I don't know, I think there will be a lot of cold turkey.
When I quit, it was cold I couldn't ween myself off cigs. I did use chew to help a little.

Sent from my XT1585 using Tapatalk


----------



## Annie (Dec 5, 2015)

Ragnarök said:


> Addiction to all forms of drugs will be a problem for many and a benefit to many.
> 
> I am trying to quit smoking cigarettes. Been smoking for 17 years now. I went out and bought nicotine gum and have them as my "emergency" fallback if the craving gets to be to much. This stuff is more expensive than cigarettes too, I had no idea the cost of this stuff. $65 for 120 peices of gum.
> 
> ...


If it's the real shtf deal and I can help it, I don't want to leave my house for like about at least 3 months. All the jonesing for stuff like cigarettes will be over by then.


----------



## StratMaster (Dec 26, 2017)

Camel923 said:


> I bet you get more for the real McCoy. Having said that, imagehow much more you get the longer you hold off bartering tobacco in SHTF. Just saying. Look at what prisoners do for smokes. I would guess that you could get a lot of value for booze too.


Just about every vice item you can think of will become like gold.

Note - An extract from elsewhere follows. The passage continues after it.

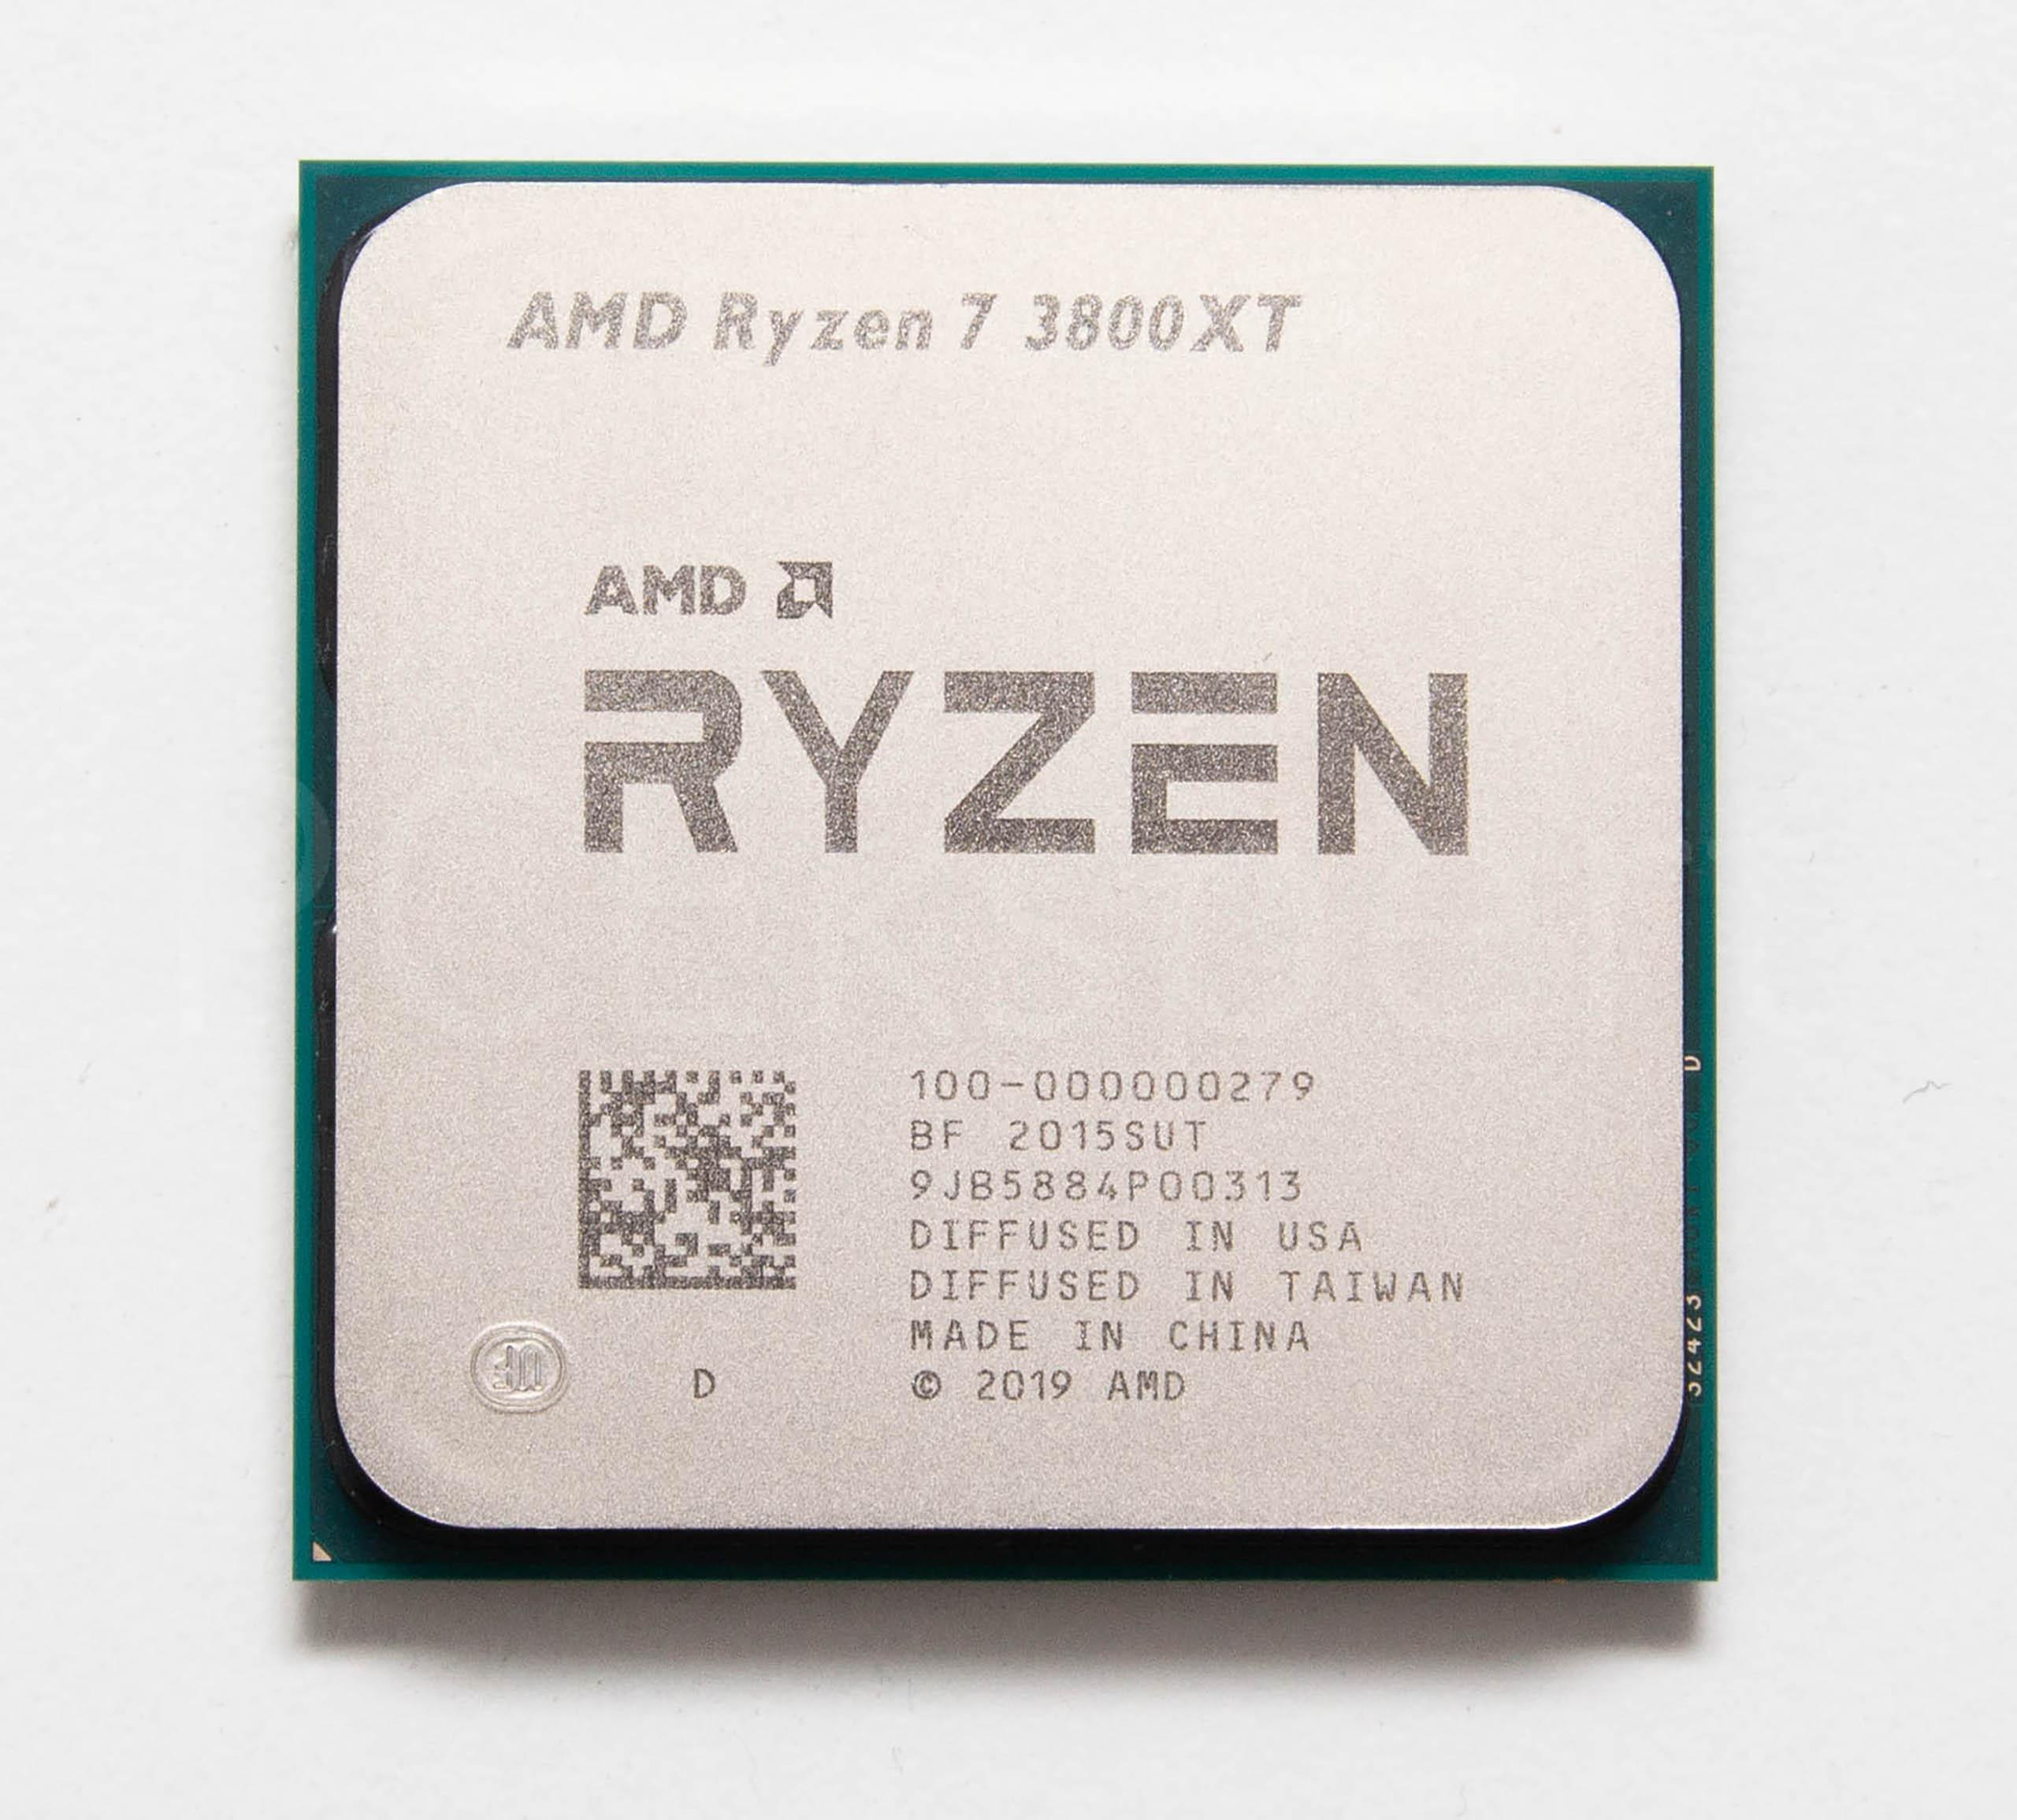 AMD Ryzen 7 3800XT recenzija
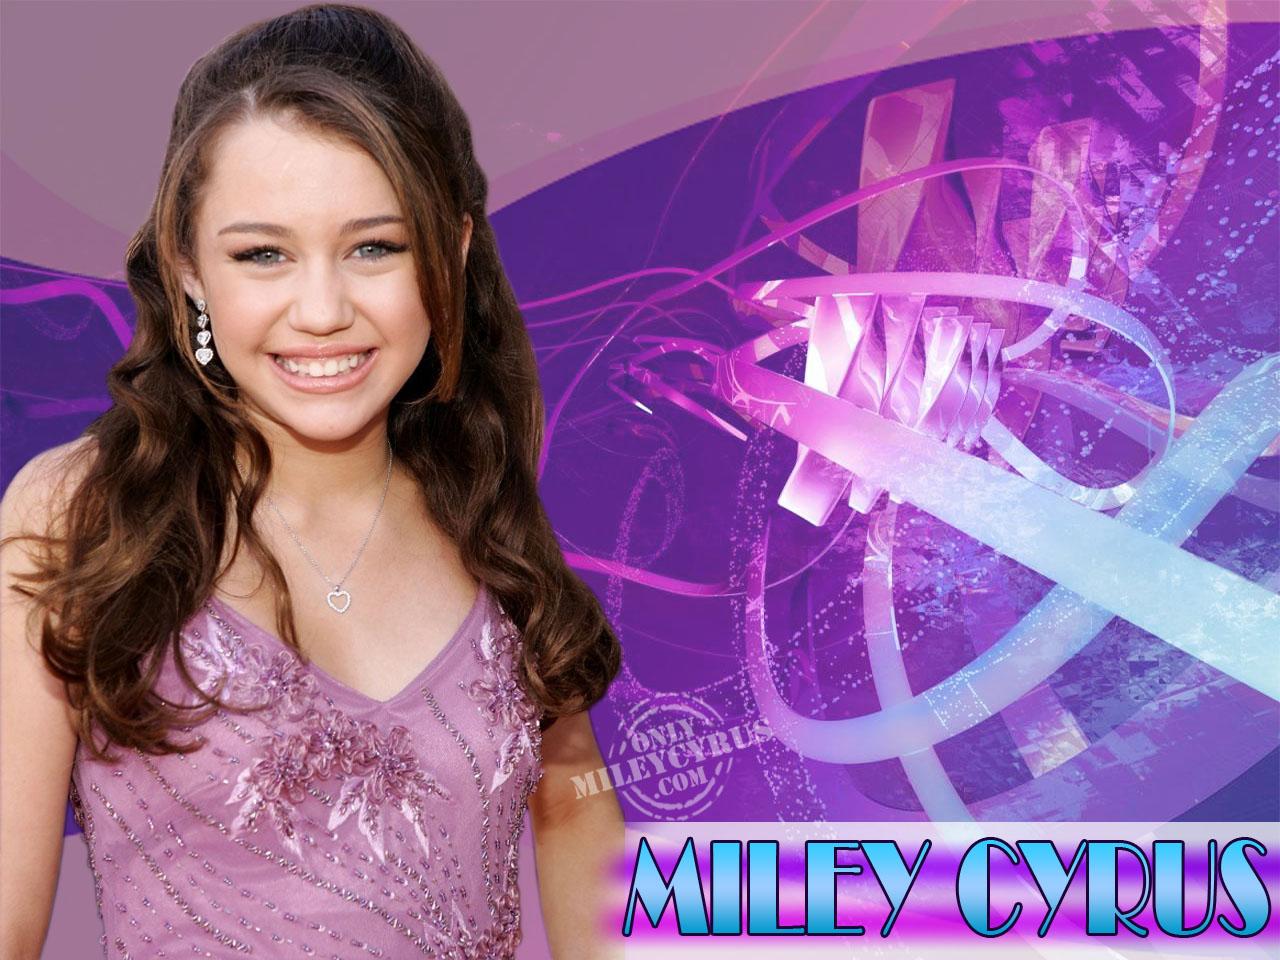 http://3.bp.blogspot.com/-RAfivW44Drk/UAmn_QZL2EI/AAAAAAAAG0o/SHK9vBrhovQ/s1600/Miley+Cyrus+%2853%29.jpg

I have cases of booze stashed, as well as jugs of wine. Ditto vacuum packed tobacco and whacky tobacky (I don't smoke either, but both legal here).


----------



## Denton (Sep 18, 2012)

Maybe I should be considering kicking my heroin habit. It sure makes driving less stressful, though.


----------



## Ragnarök (Aug 4, 2014)

Camel923 said:


> I bet you get more for the real McCoy. Having said that, imagehow much more you get the longer you hold off bartering tobacco in SHTF. Just saying. Look at what prisoners do for smokes. I would guess that you could get a lot of value for booze too.


I agree, the real deal is better.

What about those times you won't be able to smoke in shtf. Hiding....scouting. Can't smell gum that well. Take the edge off during a stressful situation.

Booze will be gold too.


----------



## Ragnarök (Aug 4, 2014)

Annie said:


> If it's the real shtf deal and I can help it, I don't want to leave my house for like about at least 3 months. All the jonesing for stuff like cigarettes will be over by then.


You could use a runner for trade. This is why groups are better than individual.

I will trade in the first parts of shtf once my own home is on lock and under control. Make your situation better but being smart and careful at the same time.


----------



## Ragnarök (Aug 4, 2014)

MaterielGeneral said:


> I don't know, I think there will be a lot of cold turkey.
> When I quit, it was cold I couldn't ween myself off cigs. I did use chew to help a little.
> 
> Sent from my XT1585 using Tapatalk


I tried cold turkey and lasted 6 months. That was the first try...about 2 years ago.


----------



## Ragnarök (Aug 4, 2014)

StratMaster said:


> Just about every vice item you can think of will become like gold. I have cases of booze stashed, as well as jugs of wine. Ditto vacuum packed tobacco and whacky tobacky (I don't smoke either, but both legal here).


Gotta get a case of Jameson for trade. Cheap Irish whiskey and it's pretty damn good.


----------



## StratMaster (Dec 26, 2017)

Ragnarök said:


> Gotta get a case of Jameson for trade. Cheap Irish whiskey and it's pretty damn good.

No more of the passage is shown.